In a plea to all software developers, “you have nothing to fear from allowing your software to be virtualized.” We are not trying to steal your software, we’re just trying to maximize our investment. Let alone allow us to be better prepared for disaster recovery. In fact, by making it difficult/impossible to virtualize is going to cost you money in the long run as I will strongly denounce your product and actively push our company (and others I deal with) to avoid your products and find alternatives that support virutalization.

Virtualization Begins

For about the past nine months I’ve been working on growing the use of virtualiztion within my firm. We had dabbled with virtualizing a couple of misc. application/development servers with the first release of VMWare Server, but I knew that in order to consolidate the rest of environment, as well as better prepare us for disaster recovery that we needed to expand our server virtualization strategy. The solution that made the most sense at the time was a VMWare Infrastructure solution utilizing their ESX platform.

The question was how to move forward without spending tons of money (and avoiding all of the politics involved in deploying a solution). The solution arose through the timing on our computer leases. We lease the majority of our computer equipment for three years. It just so happened that as I was looking to move forward, one of our major leases came up for replacement. To make it even better, not only did I have three servers that were due for swapping (and great candidates for virtualizing), but three years earlier we were forced in to ordering a large batch of workstation class computers. This time, with the advancement of technology, we no longer needed that class of machine.

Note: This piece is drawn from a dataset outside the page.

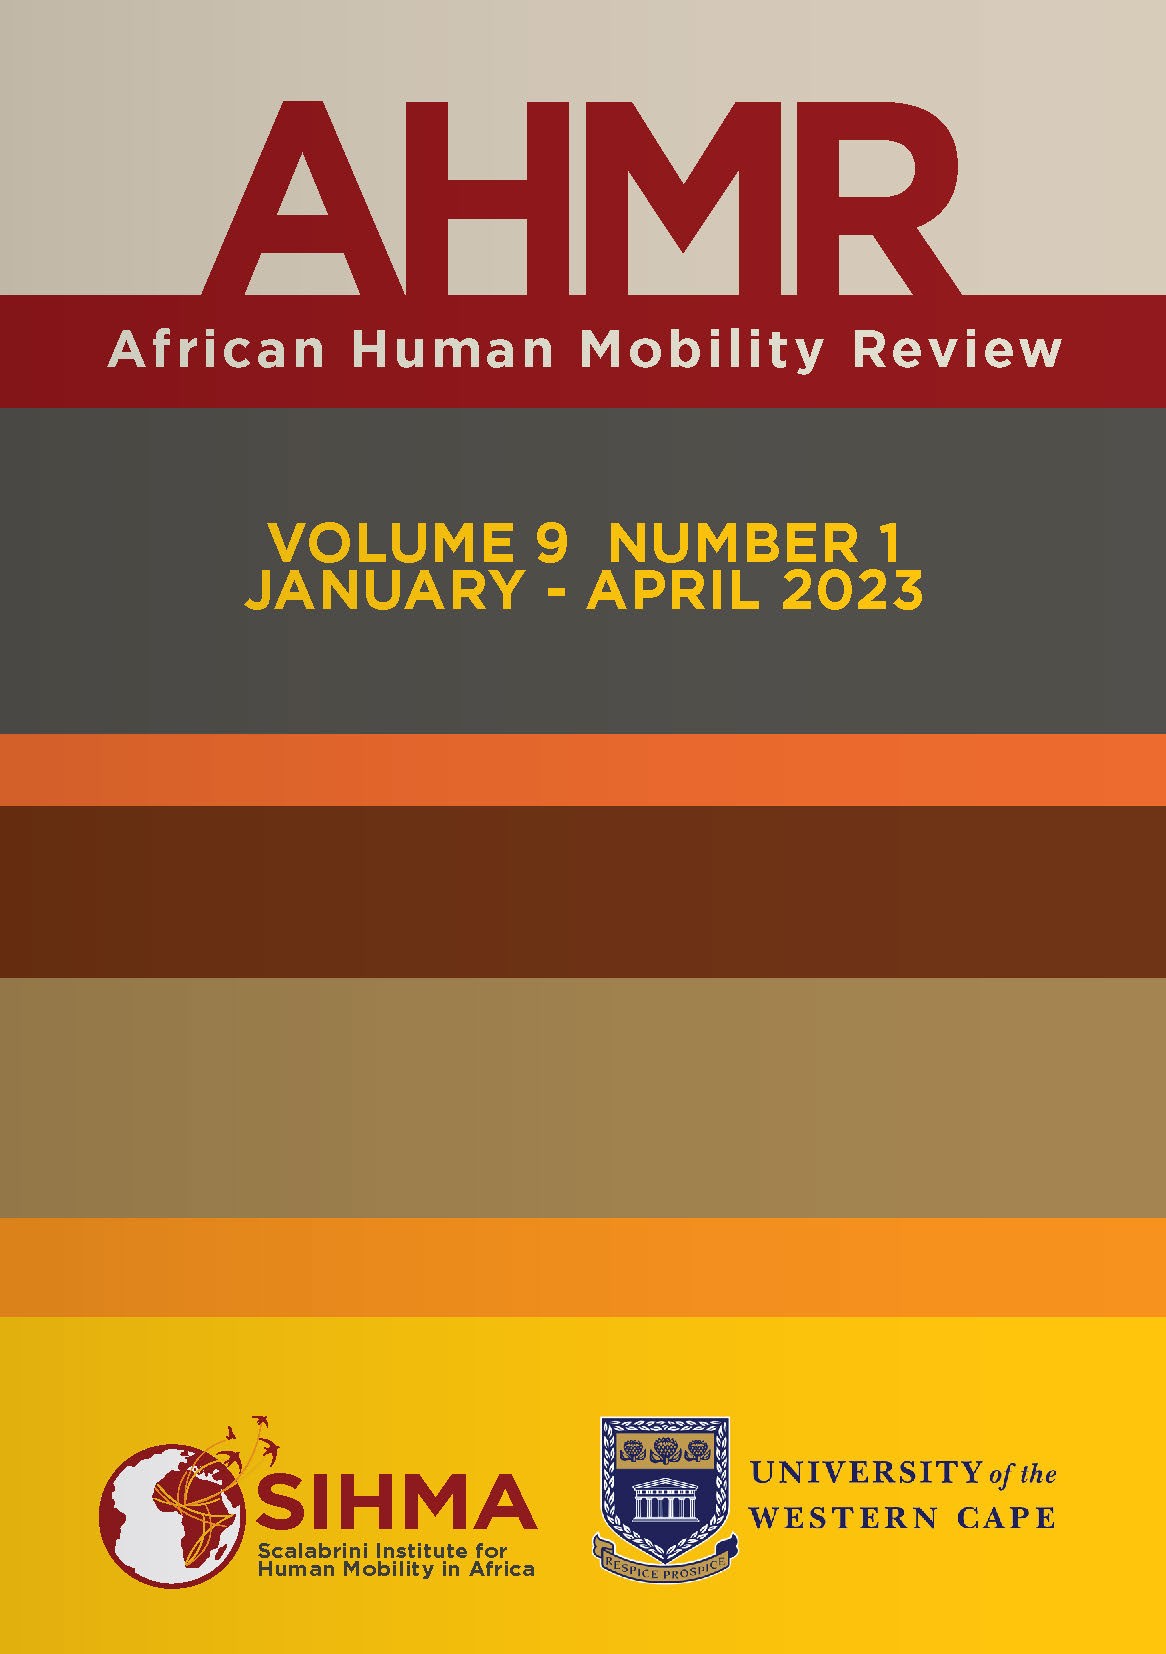 African Human Mobility Review

With my good fortune, I was able to replace the three servers with two new servers (albeit much beefier units) along with the full ESX suite for both, and workstations with much better (thanks to Intel’s Core2Duo chips) desktop class units for basically the same monthly payment we already spending. It was a really win-win for company.

In some upcoming posts I plan to highlight our journey, cover some of the sites that helped us to get where we are, discuss where we are going, and finally highlight some of the difficulties and frustrations that we still face.

NetApp Simulator Disk Fix

One of the great things about NetApp is that you can actually run fully functional Data OnTap Simulator of their storage appliances on any UNIX machine. It is a great way to test their product suite and demo up solutions before deploying to your production environment. I do have one minor gripe that is that you have to have a NOW account (NetApp’s Customer Portal) before you can download, and to get that you have to be a customer with registered product so evaluating before your first box arrives is impossible unless you can get you VAR to get you a copy.

Anyway, I’ve had a problem with the last couple of simulators that I have set up. When I create additional “disk” during the setup, they always come in as failed when actually start the simulator running. I first experienced this running as virtual machine on a VMWare server, and then on a actual hardware linux box. I was getting errors similar to the following:

Disk v4.28 Shelf ? Bay ? [NETAPP VD-1000MB-FZ-520 0042] S/N [66324112] has no valid labels. It will be taken out of service to prevent possible data loss.

I finally found a solution in the following comment on Scott Lowe’s blog entry about NetApp and ESX Server.

Once the simulator is running here are the commands that I use to get the disks back into a operational state:

>priv set diag
*>disk unfail -s v4.19

I repeat for each disk that I want to recover. When they are all unfailed, I follow that with a disk zero spares I’m not sure that is really needed but it guarantees that the disk are good to go. At this point I’m all set to use the disks however I want.